Nothing could have prepared me for an early January evening spent at the home of a man I considered a friend.
That was the night that Bill Cosby raped me.
I was introduced to Bill Cosby in the autumn of 2002, more than a year after I’d started my job at Temple. He was an alumnus of the university, as well as a trustee, a significant donor, and an enthusiastic supporter of the women’s basketball program. The first time I met him, he was part of a small group of Temple employees and team supporters who were being given a tour of our newly renovated locker room.
I knew who he was, of course, but I had never watched The Cosby Show and had no real idea how big a celebrity he was. He’d been an extremely successful stand-up comedian, and in 1965, he was the first African American to land a starring role in a weekly TV show, the drama I Spy. It was a potent symbol of a changing America; in the previous year, the Civil Rights Act had been signed into law. The Selma March, in which Black protestors were brutalized by police, happened the same year as I Spy hit the airwaves.

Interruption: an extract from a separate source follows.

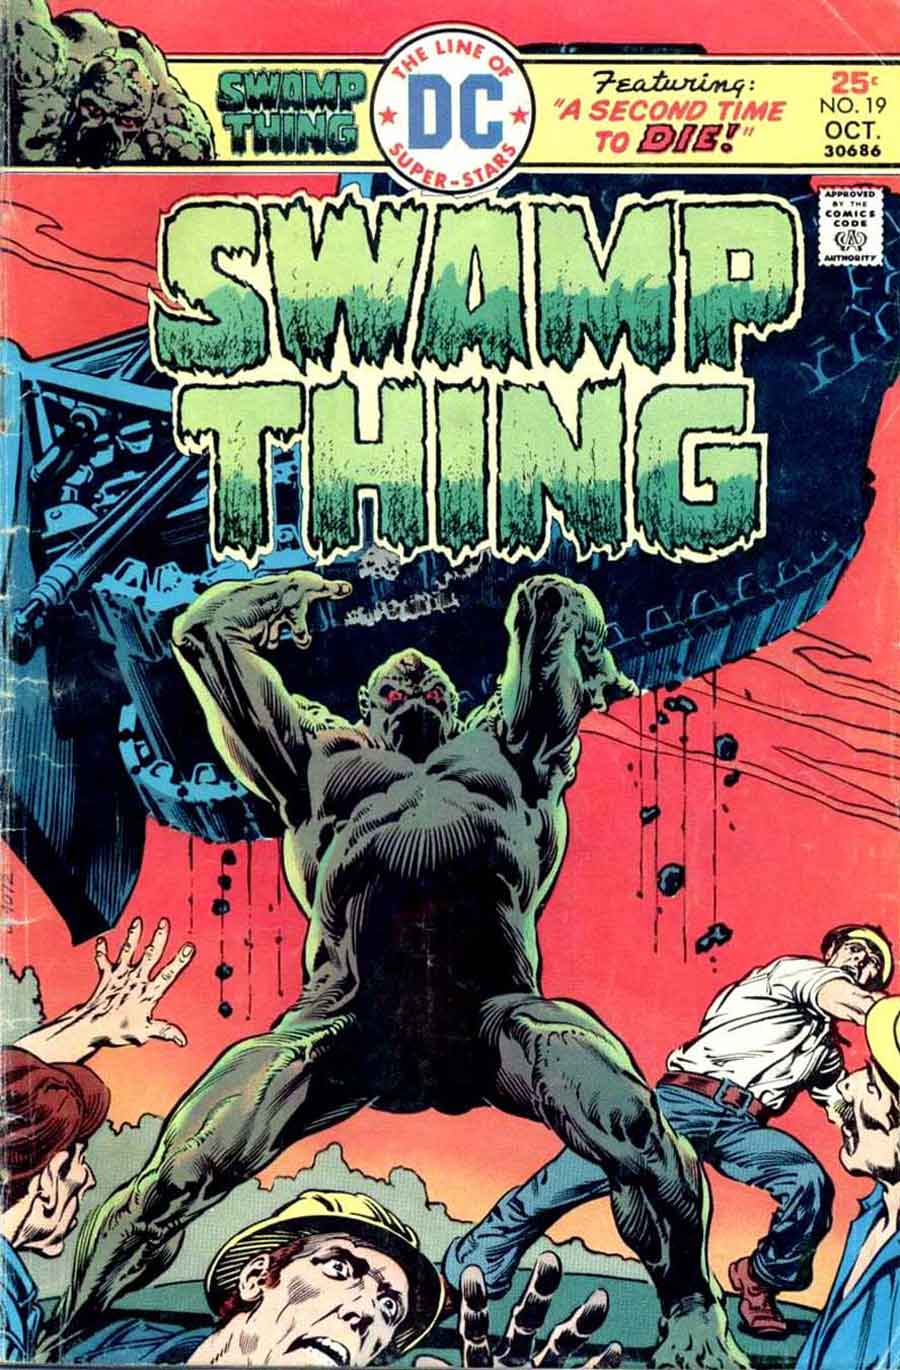 Swamp Thing v1 #19 1970s bronze age dc comic book cover art by Nestor Redondo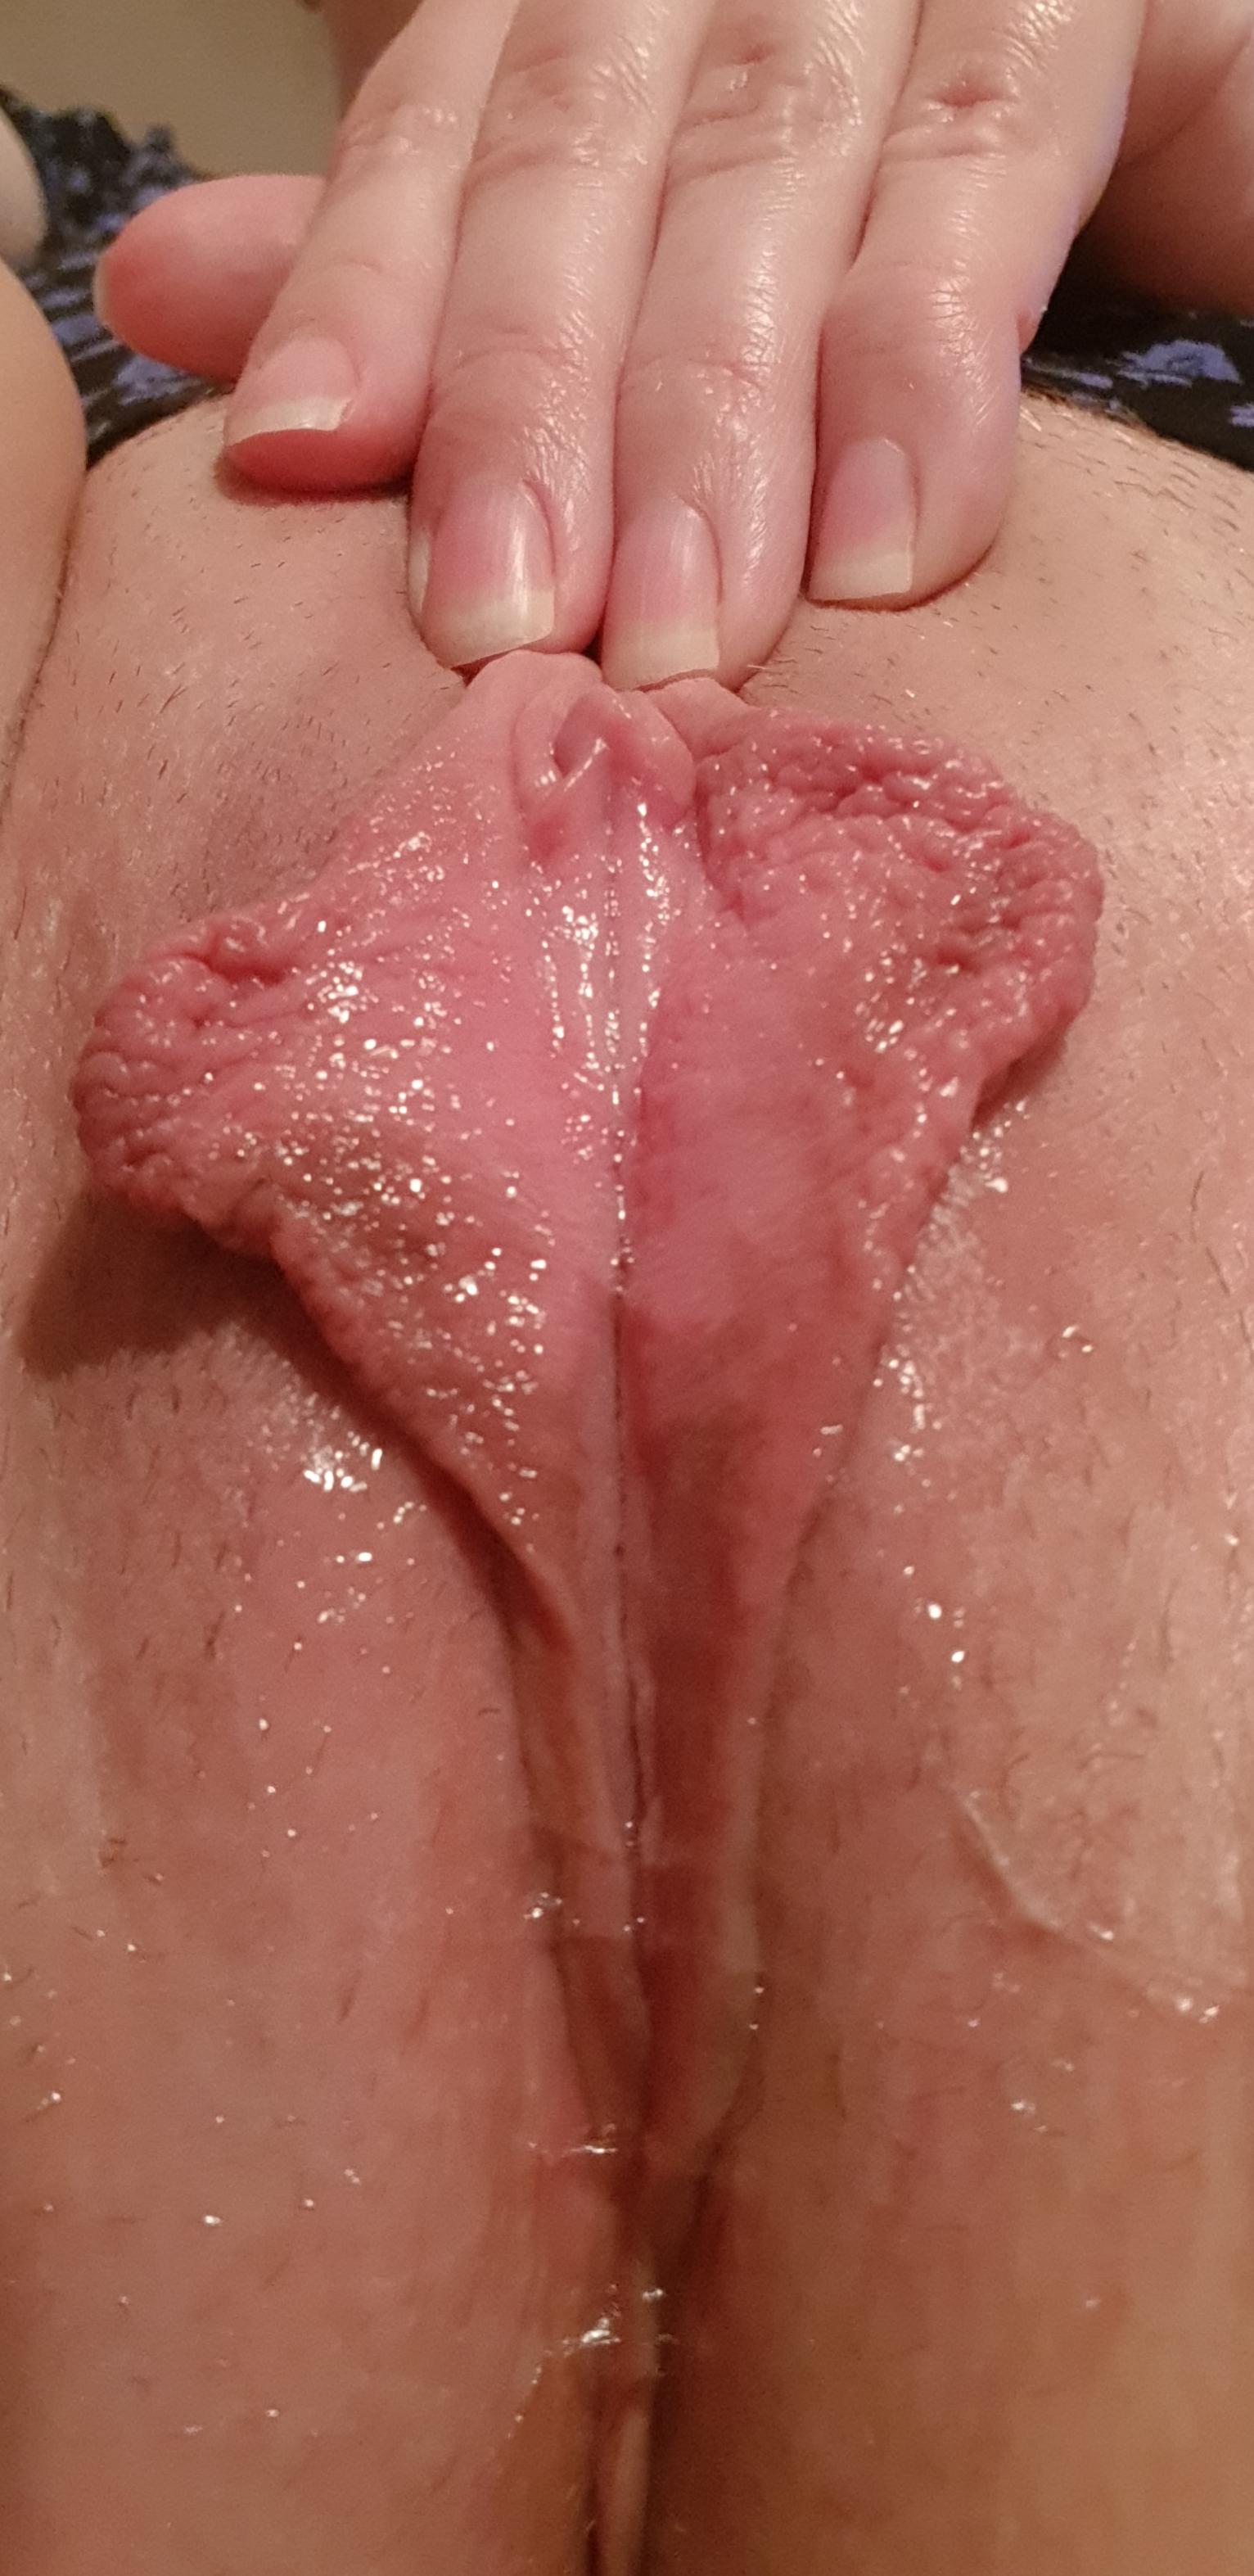 Do you like really wet pussy lips image

Cosby’s star power continued to build with a number of his own TV shows—including the popular children’s animated series Fat Albert and the Cosby Kids—before The Cosby Show debuted in 1984. The family-friendly sitcom, in which Cosby played an obstetrician and father of five, was a huge success during its eight-year run, earning him the nickname America’s Dad. Cosby was also a big hit with marketers—his wholesome image and goofy charm made him the perfect spokesman for Jell-O and Coca-Cola, among other brands. By the mid-eighties, in fact, he’d become the highest-paid entertainer in the world, according to Forbes magazine.
Even as he was conquering the world of stage and screen, Cosby earned a doctorate in education, and he often gave public lectures about the importance of parenting, family, education, personal responsibility, ambition, and self-actualization.
I suppose it’s a testament to how little television I consumed as a child that Bill Cosby and most of his achievements had largely escaped my notice. And so I credited the attention he garnered at Temple—his calls had to be returned immediately, his interest in our new locker room was promptly met with an offer to tour the facility—to the fact that he was a major financial supporter of the university.